Reposted from The Guardian by Bim Adewunmi

Television's coolest characters often come with a signature "thing". The Fonz from Happy Days had his leather jacket and his thumbs. Master William from The Fresh Prince Of Bel-Air had his hi-top fade and loud trousers. In the Channel 4 comedy Fresh Meat, Vod has her off-the-wall clothes and that withering gaze that cuts down foolishness at 20 paces. She's easily the coolest character on television at the moment, but when I tell that to the woman who plays her, the response is charmingly modest. "I would really like to keep anyone who says that in my pocket, as I go about my daily life," says Zawe Ashton (the Zawe is pronounced like "Bowie"). "When I hit a low point, I'd just ask, 'What's that you're saying in there?
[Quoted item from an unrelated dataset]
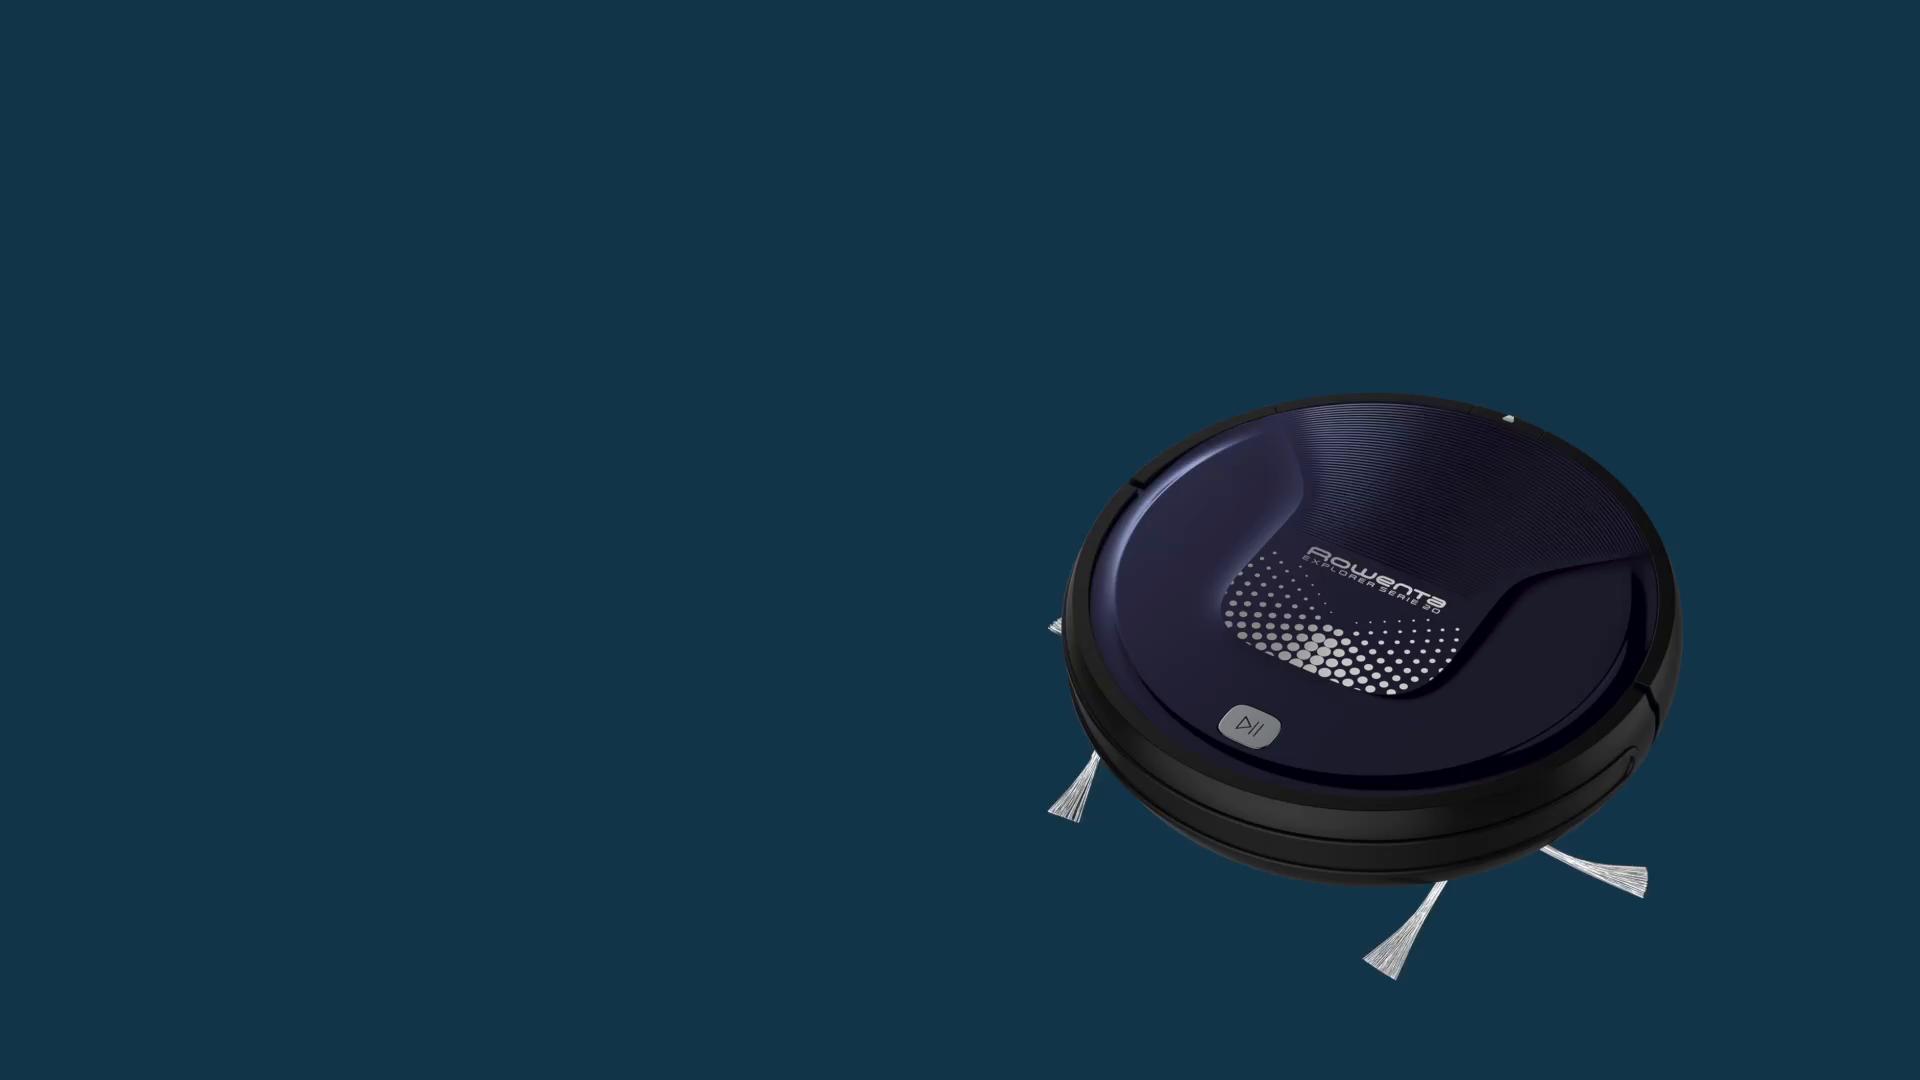 Rowenta RR6871WH Smart Force Explorer Aqua - Robot aspirador 2 en 1, aspira y friega, con sensores anticaída, bateria ion-litio de 150 minutos de autonomía, incluye mando a distancia y base de

I'm the coolest person on TV? OK, I'll take that!'"

With the third season of the show starting on Monday, it feels fair to say that Ashton is the breakout star of Fresh Meat. Her many memorable moments include preparing coq au vin with a sword (at posh boy JP's family home) and a lecture-hall monologue about Salman Rushdie's Midnight's Children ("I feel like I've got this pompous, fat, naked man sitting on my face, and he's resting his big, overrated bollocks on my airways"). She is the show's wry centre, looking askance at the dubious decisions made by her housemates and doling out wisdom as necessary. The character works best in concert with the others, though, and the ensemble is excellent, something Ashton puts down to a meticulous casting process and a writing team who really understand the characters. "Everyone in this show was put through a very rigorous process," she says, "and I think that's real testament to Sam and Jesse [Bain and Armstrong, the show’s creators]. They were determined to find a group that worked together, and not just go, 'Who's hot right now?'"

In person, Ashton is only superficially like her plain-speaking, no-holds-barred alter ego: her speaking voice is slightly less deep, far less estuary than Vod's, and she's clearly more prone to both chuckling and thinking before speaking. The source of Vod's cool – The Essence Of Vod, if you will – can be boiled down to a simple but powerful philosophy: she doesn't care what anyone thinks. "I always describe her as having no subtext, no filters," says Ashton. Combined with the fact that she's a girl – and a black girl at that, which is almost never brought up as an issue to be "tackled" – Vod was primed for cult status from the start.